Member of Parliament, Lok Sabha
- In office 1980–1984
- Preceded by: Amrut Kansar
- Succeeded by: Shantaram Naik
- Constituency: North Goa

Personal details
- Born: 20 August 1923
- Died: 12 January 2017 (aged 93) Goa, India

= Sanyogita Rane =

Indian politician (1923–2017)

Sanyogita Rane Sardesai (20 August 1923 – 12 January 2017) was an Indian politician and Goa's first woman parliamentarian, elected as the Member of Parliament of North Goa in 1980 on Maharashtrawadi Gomantak Party (MGP) ticket.

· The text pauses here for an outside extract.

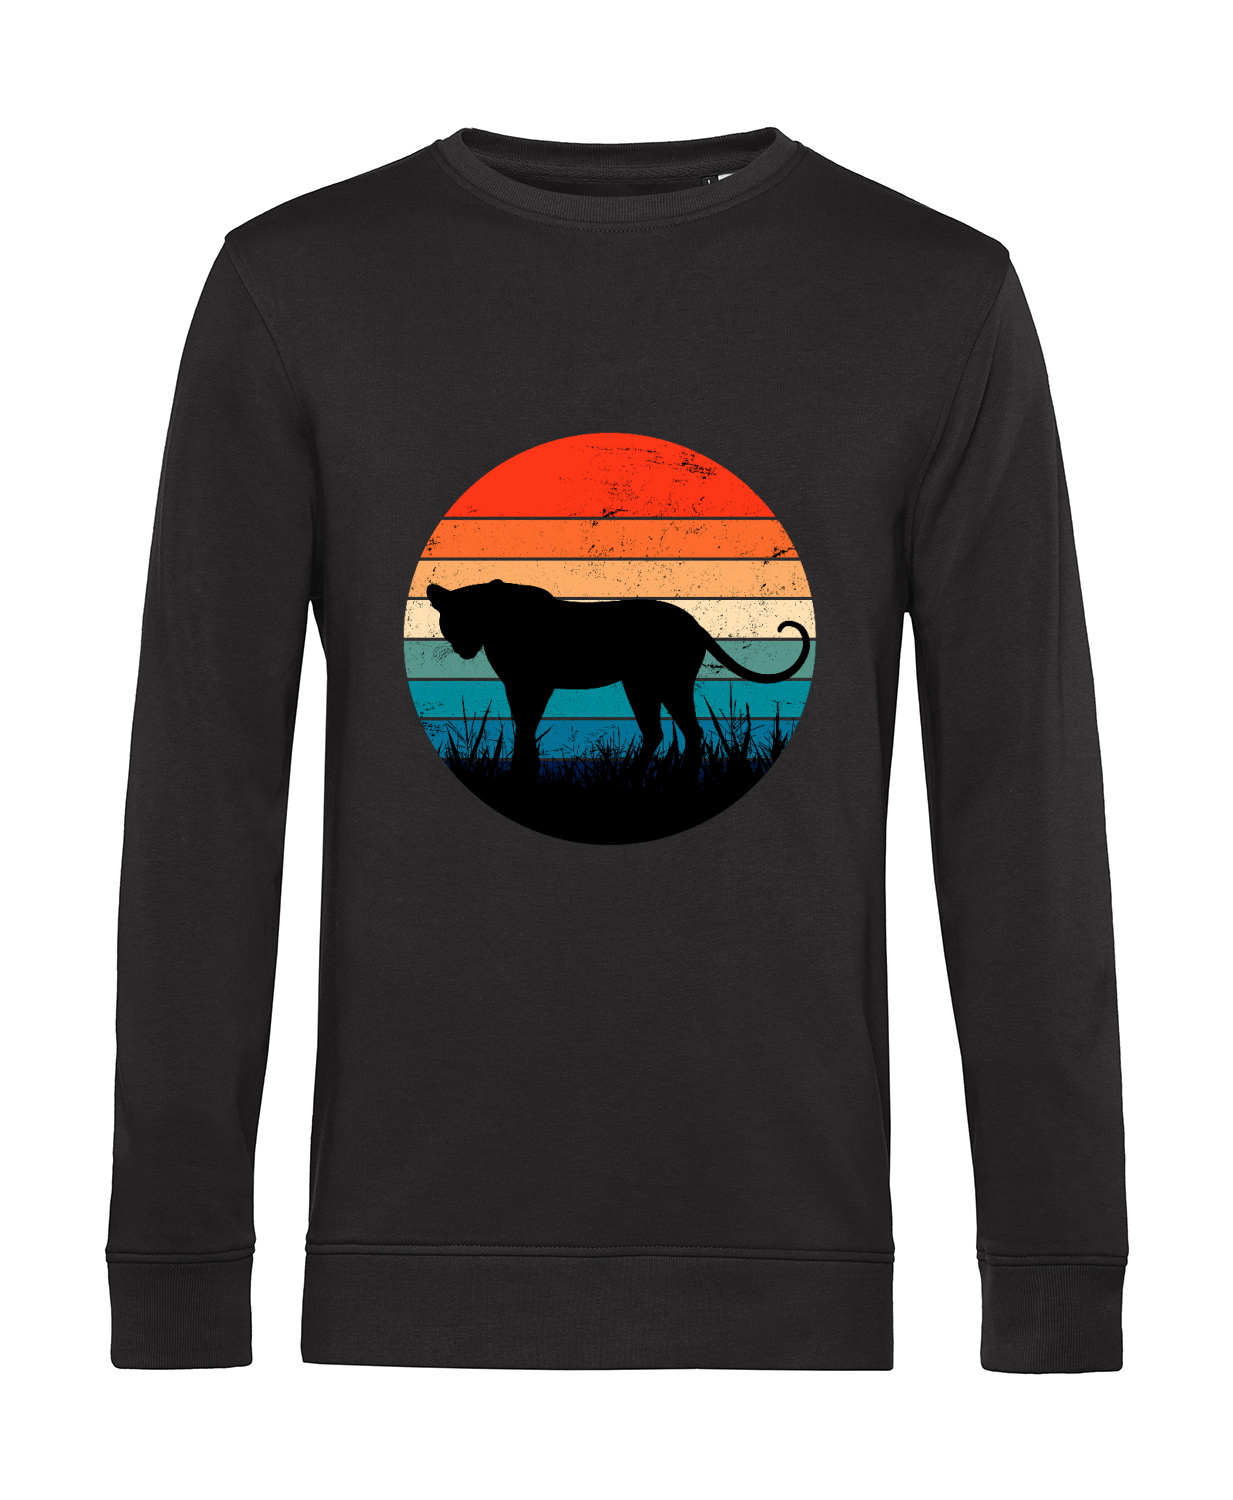 Nachhaltiges Sweatshirt Herren Leopard Retro

== Early life and education ==
Rane was born on 20 August 1923 in Gwalior, Madhya Pradesh. Her father was Captain Dattaji Rao Bhosle. She was married to Major Zoiba S. Rane Sardesai from Sattari. She was the mother of Vir Chakra decorated (posthumous), Second Lieutenant Jayendra Rane of the fifth Garhwal Rifles. She was educated at Gajra Raje High School in Gwalior where she did her matriculation.

== Political life ==
Rane was the Lok Sabha MP from the year 1980 to 1985. She was elected on the Maharastrawadi Gomantak Party (MGP) ticket, becoming Goa's only woman MP to win Lok Sabha polls. She also contested unsuccessfully as an independent in 1984 and 1991 Lok Sabha elections. She was an active politician of post Goa Liberation period, as the MP of North Goa in 1980. She was one of the very few women who entered into the field of active politics.

Rane was an active social worker. She was a member of the Army Welfare Centre, Bhuj (1952–59) and Mahila Mandal, Bhuj (1953–59) She served as a secretary at Maharani Shanta Devi Gaikwad Graha Shastra Sanstha, Kolhapur (1967—69). She was a member of the Family and Child Welfare Centre, Bicholim, Goa since 1974 and the Mahila Imdad, Goa Branch since 1977. She was also part of the Mid-day Meal Programme of Mine-Labourers' Children of North Goa, since 1976.

== Death ==
Rane died, aged 93, at her residence at Curchirem, Sanquelim, in North Goa. She was survived by two sons and a daughter.